▸ **Exercise data**
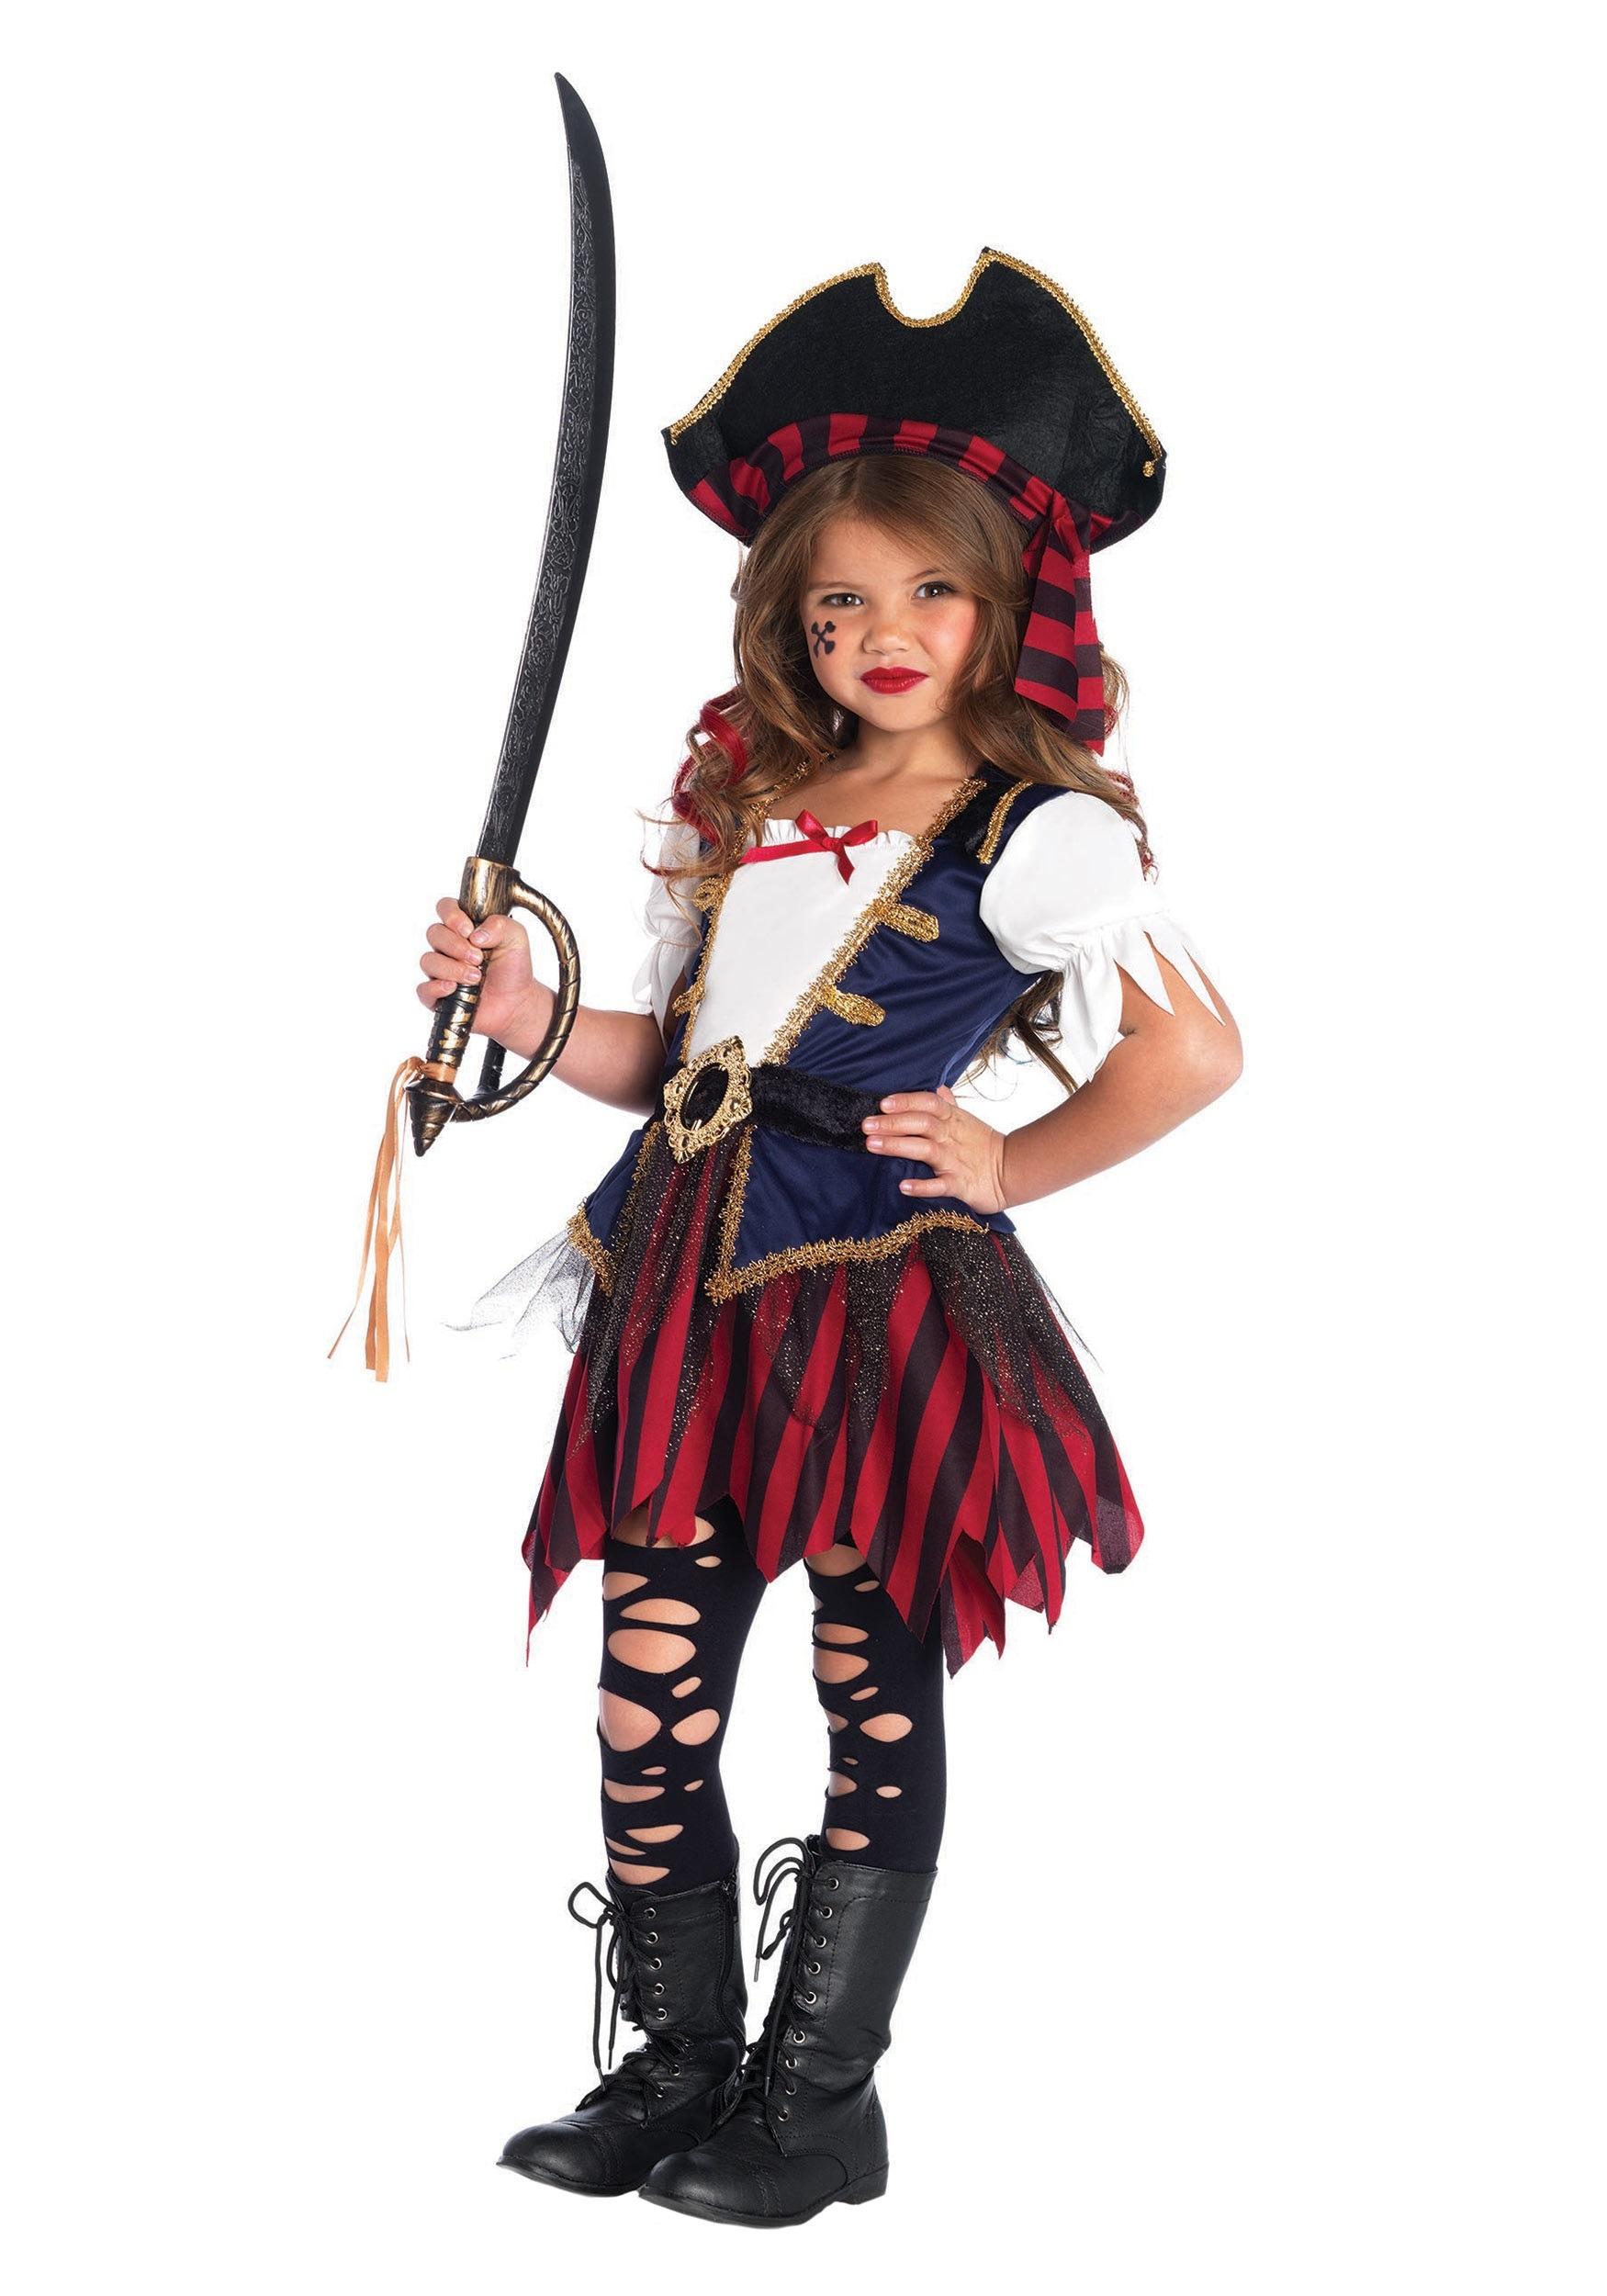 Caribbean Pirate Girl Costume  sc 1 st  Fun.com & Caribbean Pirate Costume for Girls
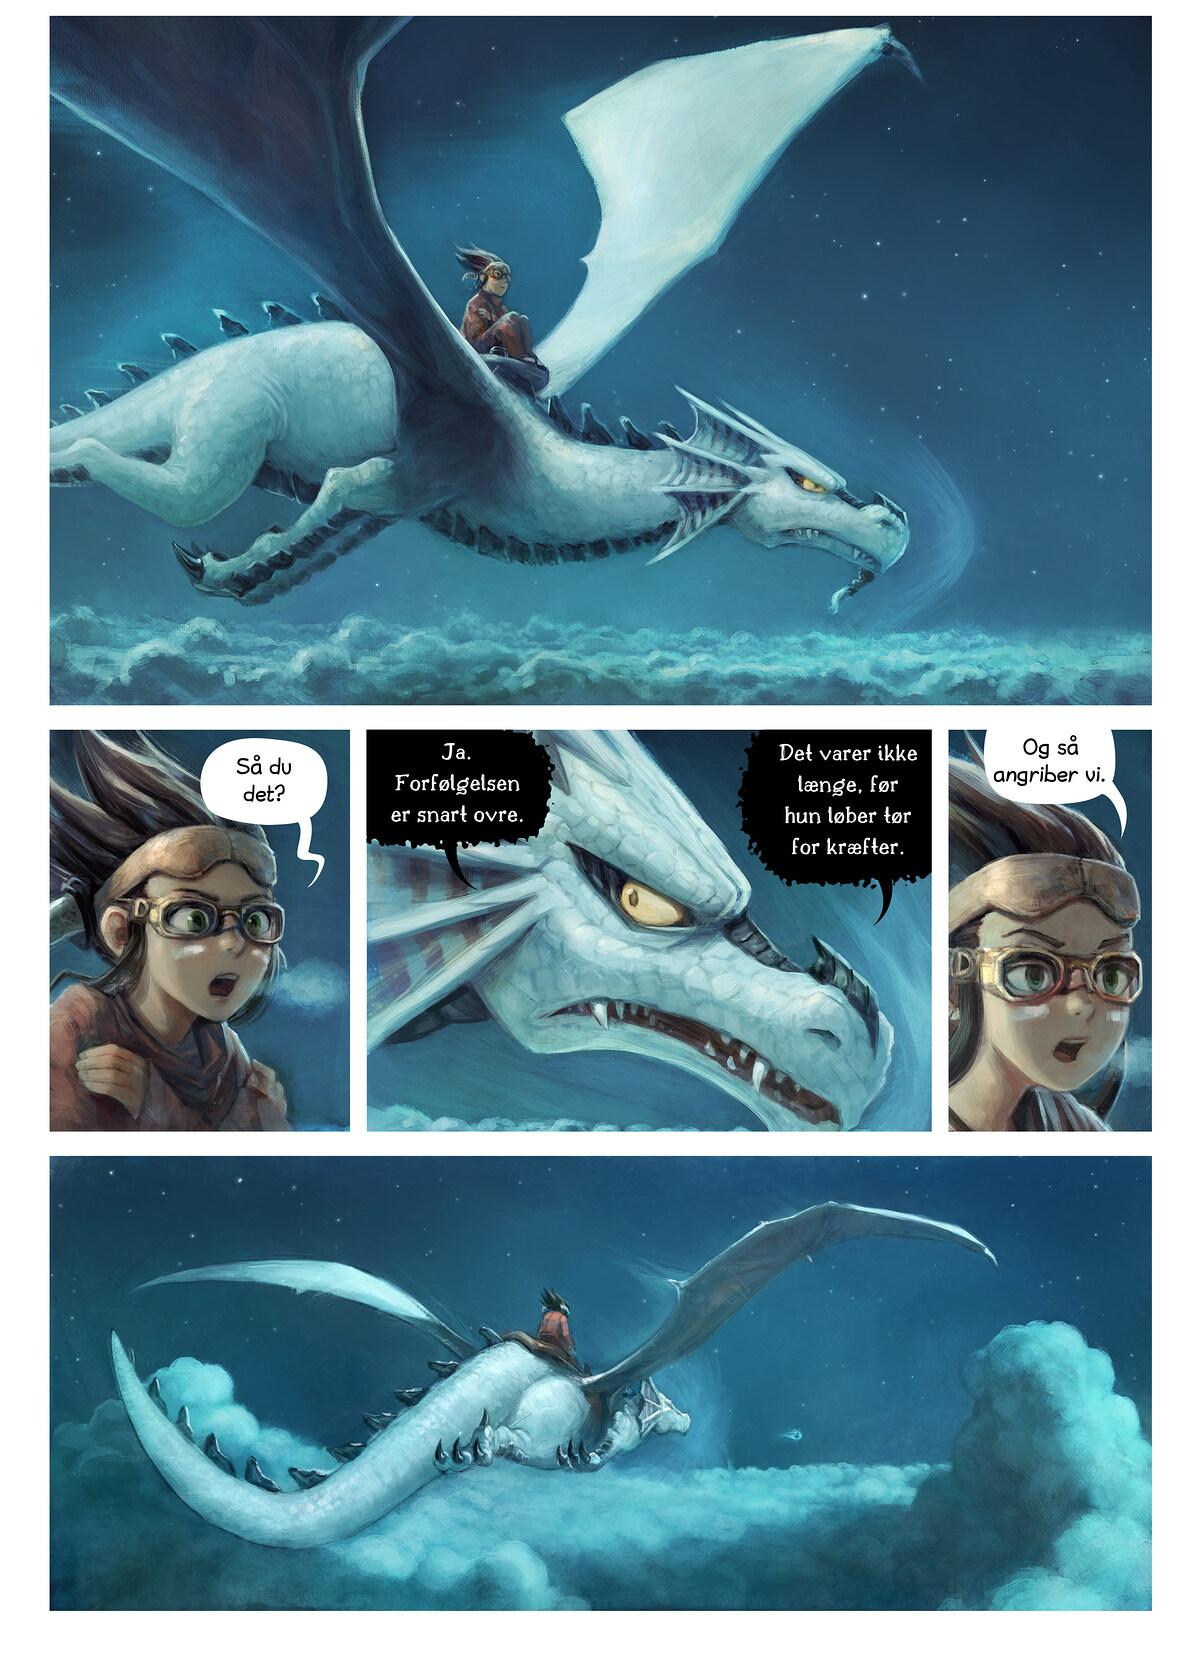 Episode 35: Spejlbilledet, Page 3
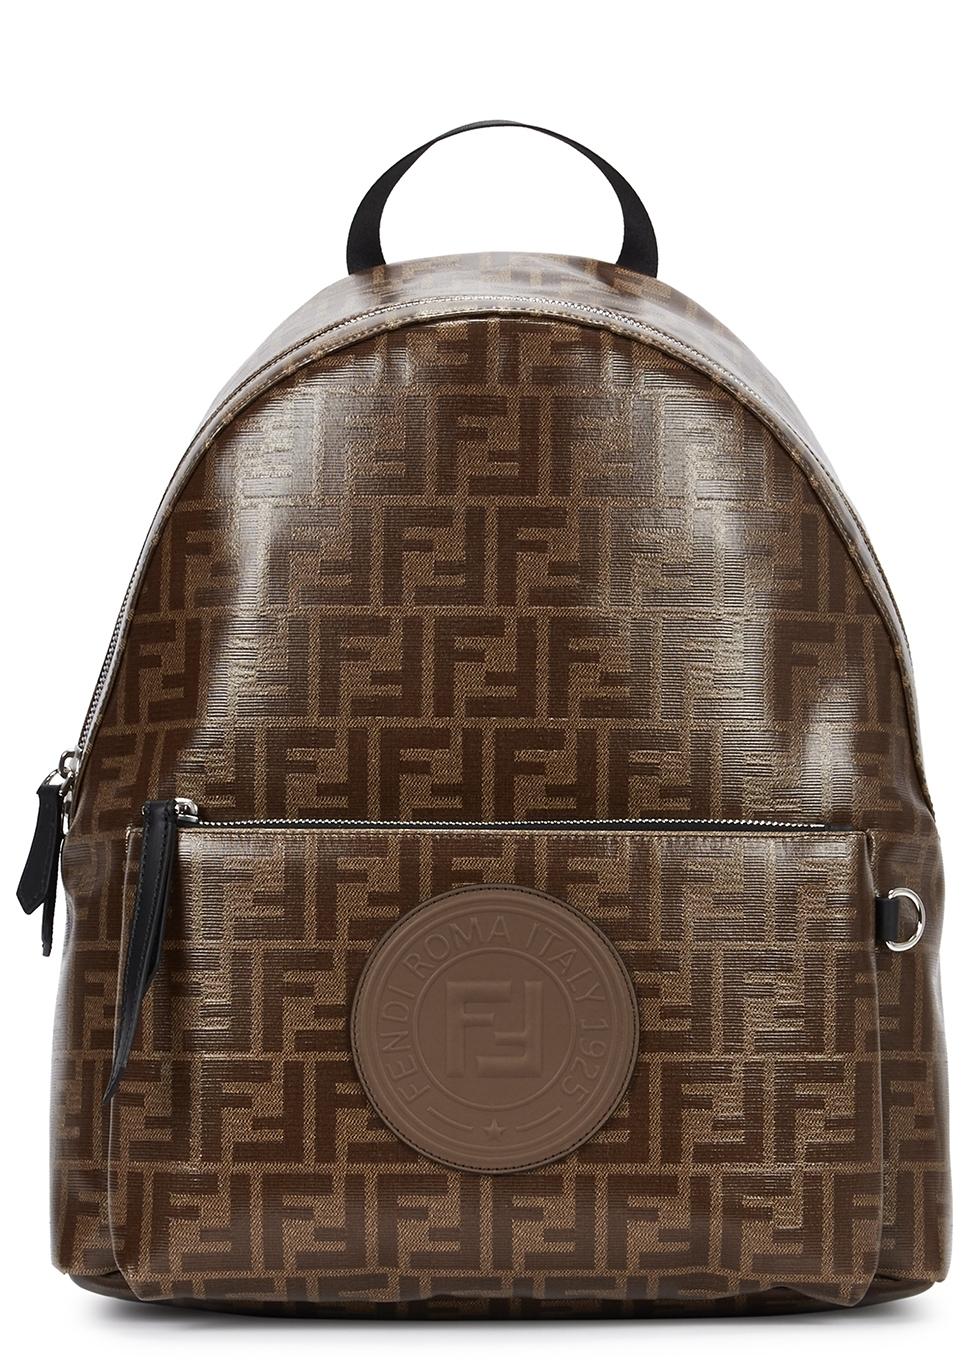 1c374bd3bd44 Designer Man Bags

▸ **What is expected**
Send back the data above word for word, with the pictures left out.

▸ **Answer to the exercise**
 Caribbean Pirate Girl Costume  sc 1 st  Fun.com & Caribbean Pirate Costume for Girls
 Episode 35: Spejlbilledet, Page 3
 1c374bd3bd44 Designer Man Bags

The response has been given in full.